She dragged the agent around? Isn't that the agent's job?

The agent was given the choice not to work with her. She disclosed before the offer was written. The worst the agent was out was one day and a little gas - the price of doing business. When she disclosed, asked for the referral fee and wrote the offer, the agent should've been jumping up and down. He/She only spent ONE DAY showing her around, had a client that was educated and well versed which was going to make the transaction that much easier, and had an offer written the SAME day.

I think you guys are being a little too hard here.
Maybe you would have to work referrals a little and drill a few other dry holes to understand.
I agreed I was being a little hard, but only in light of Jane's kindly-made point that basically, some times you must go along to get along.

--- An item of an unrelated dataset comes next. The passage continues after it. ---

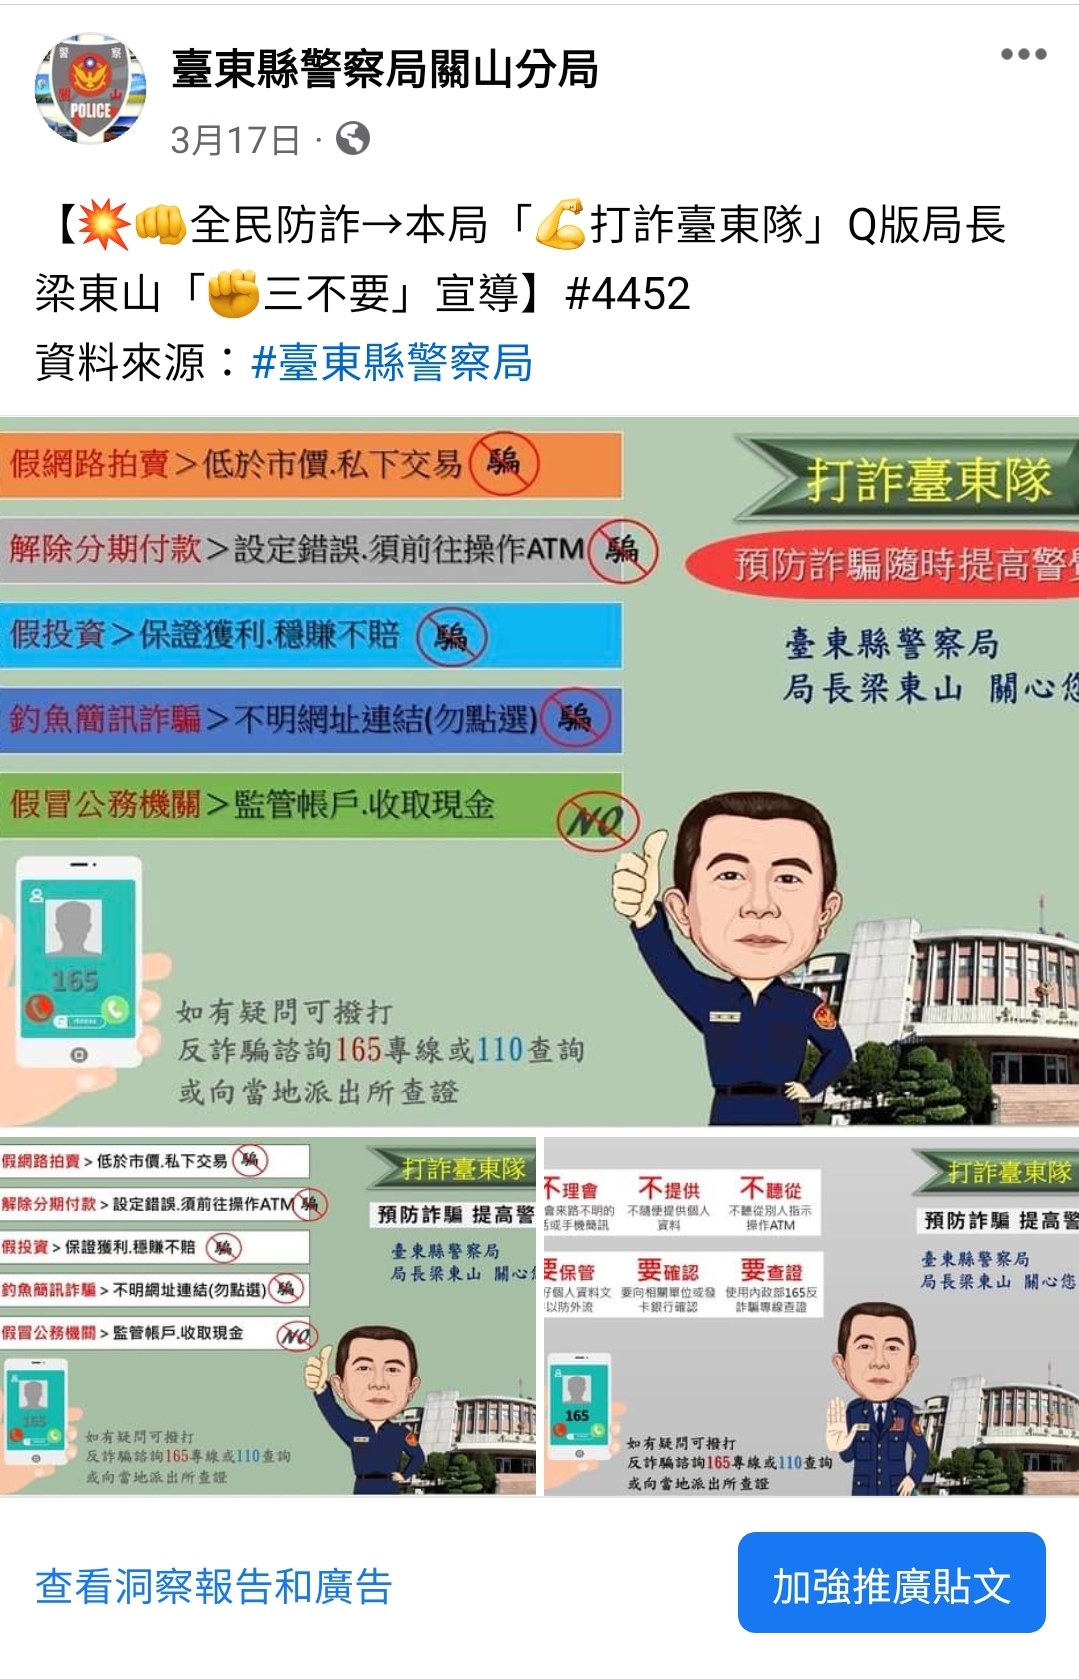 本分局臉書粉絲頁PO文宣導「Q版局長打詐臺東隊」

Funny thing about being licensed. Although many of us have feet of clay, we are expected to hold ourselves to a higher standard than the people we serve.
It shouldn't be any different agent to agent, I think.

ONE day is taken from us too often by unforeseen circumstances or by the public who treats us as disposable. And quite often, that ONE day is given willingly, even though it is recognized in advance that it will not be profitable.
To have it taken by stealth by a licensed agent is extremely poor professional deportment and is not acceptable.

When I visit a real estate office, I let them know immediately upon meeting that I am "Mike Jaquish with Keller Williams Realty."
That is fundamentally expected and proper behavior of a licensed agent.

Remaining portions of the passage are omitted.